Our hotel in Venice was hands down the most charming and distinctive hotel I’ve ever stayed in anywhere (and it wasn’t even expensive). The Antico Doge, the renovated home of a former doge, is perched right over a smaller canal and located near plenty of great restaurants, shopping, and, most importantly, gelato stands. We were a two minute walk from the water taxi on the Grand Canal and a 10 minute walk from St. Mark's Square.

Our enchanting “room” had two floors – two twin beds on the first floor, plus a king bed on the loft-style second floor. It was decorated in a classically ornate style, with crystal light fixtures and textured wallpaper, but thankfully the bathroom was completely modern. We absolutely adored this hotel, and it even included a nice breakfast in the morning. Maybe all the hotels in Venice are like this – the city feels so ancient and surreal in general – but whatever the case, we were blown away by the Antico Doge and I’d recommend it without reservation. The front desk was also super helpful with booking reservations for dinner and water taxis.

What to Do

Our first order of business in Venice was to wander the maze of streets. I’ve heard that this can be a fun but frustrating experience, as you will definitely get lost. But now with Google Maps, you can be in complete control of your wanderings! We zigzagged through residential and commercial streets, walked down alleyways that looked like movie sets, and crossed bridge after bridge, all the while browsing the shops for snacks, drinks, souvenirs, and gelato. Afterwards, we learned that Venice is made up of 120 islands, all connected by the bridges we were constantly traipsing across. How amazing is that?

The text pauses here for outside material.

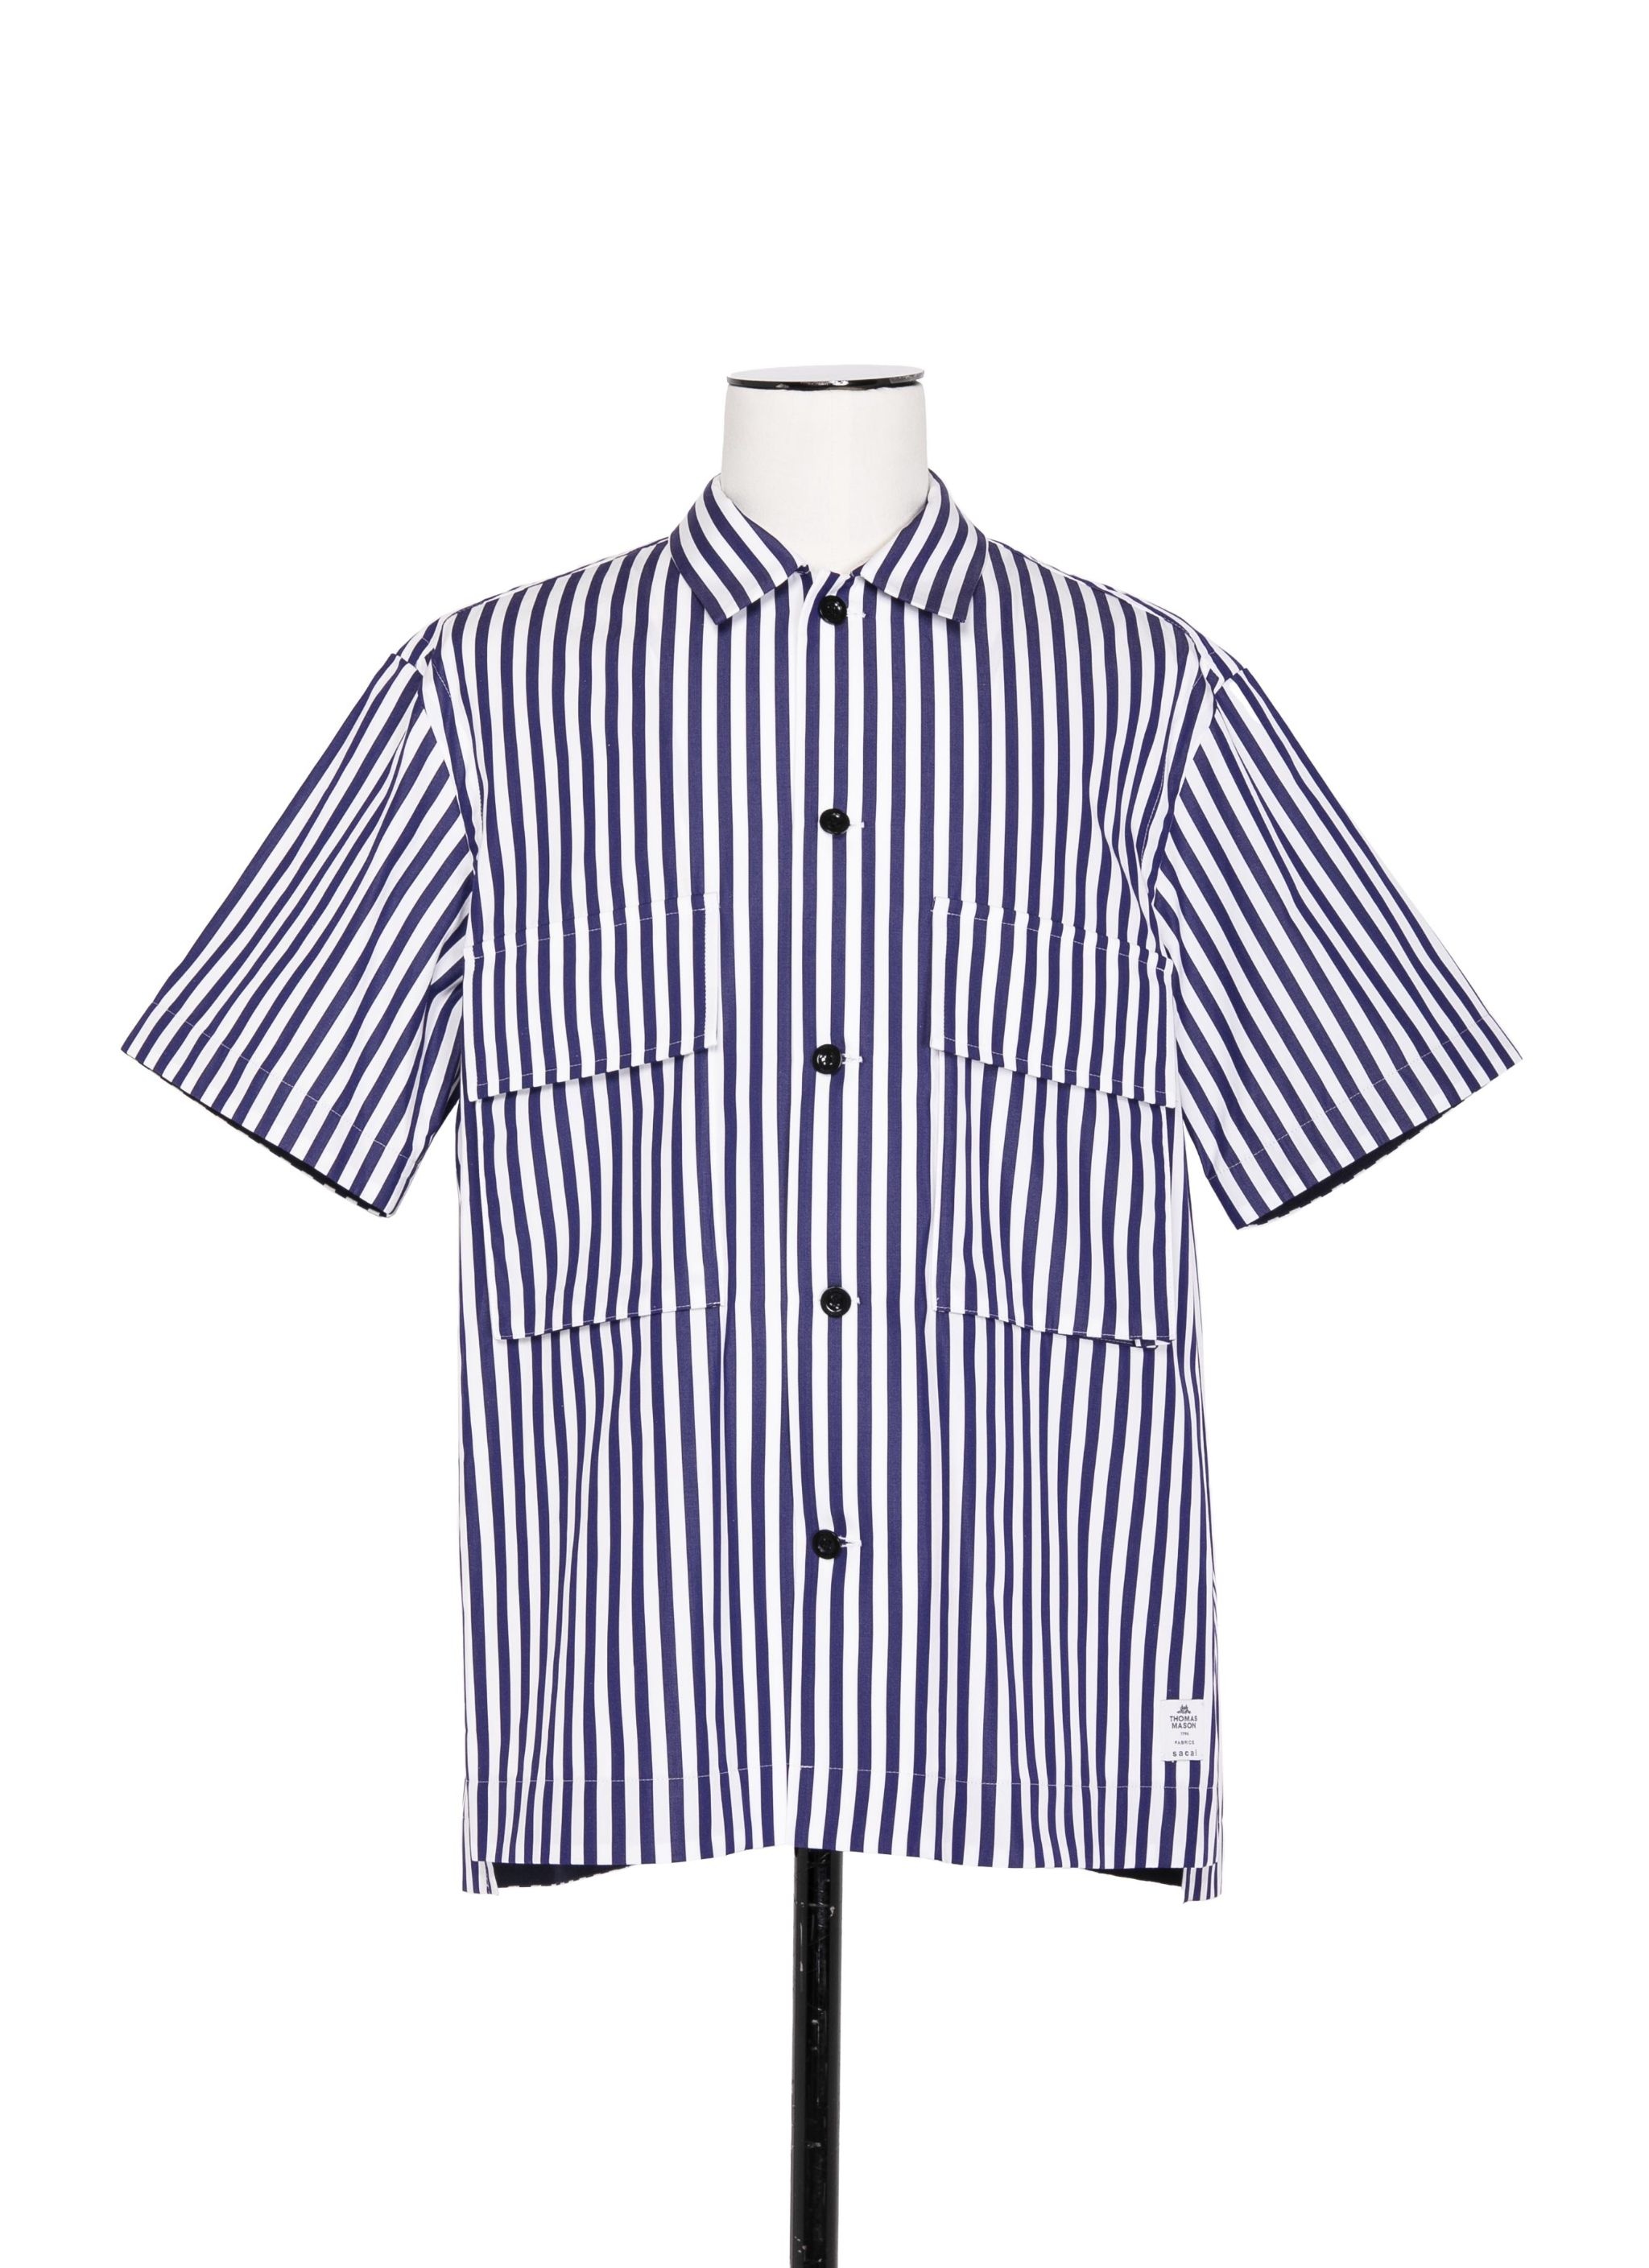 Thomas Mason Cotton Poplin Shirt - 1

I wanted to visit St. Mark’s Basilica and the Doge’s Palace, Venice’s two great historical sites (and located steps away from each other in impressive St. Mark’s Square), but I knew it’d be a hard sell for the kids. So I booked a private guide who specializes in touring families through Venice Tours, and it turned out that Fiona was absolutely fantastic. Not only was she incredibly knowledgeable about Venice’s history, but she was wonderful with the kids as well. She engaged them completely with questions, games, and even references to the Magic Tree House book they’d read that takes place in Venice. I can’t recommend Fiona enough.  

It was Fiona who also walked me through the confusing process of reserving skip-the-line tickets for both St. Mark’s Basilica and the Doge’s Palace online. (She also recommended that we reserve tickets to climb to the top of the T Fondaco Rooftop Terrace – a free experience — but I wasn’t able to do this in time.) St. Mark’s Basilica is absolutely remarkable for its mosaic-tiled ceiling, which took more than 400 years to completely, but unfortunately we weren’t allowed to take any photos inside, only of the exterior.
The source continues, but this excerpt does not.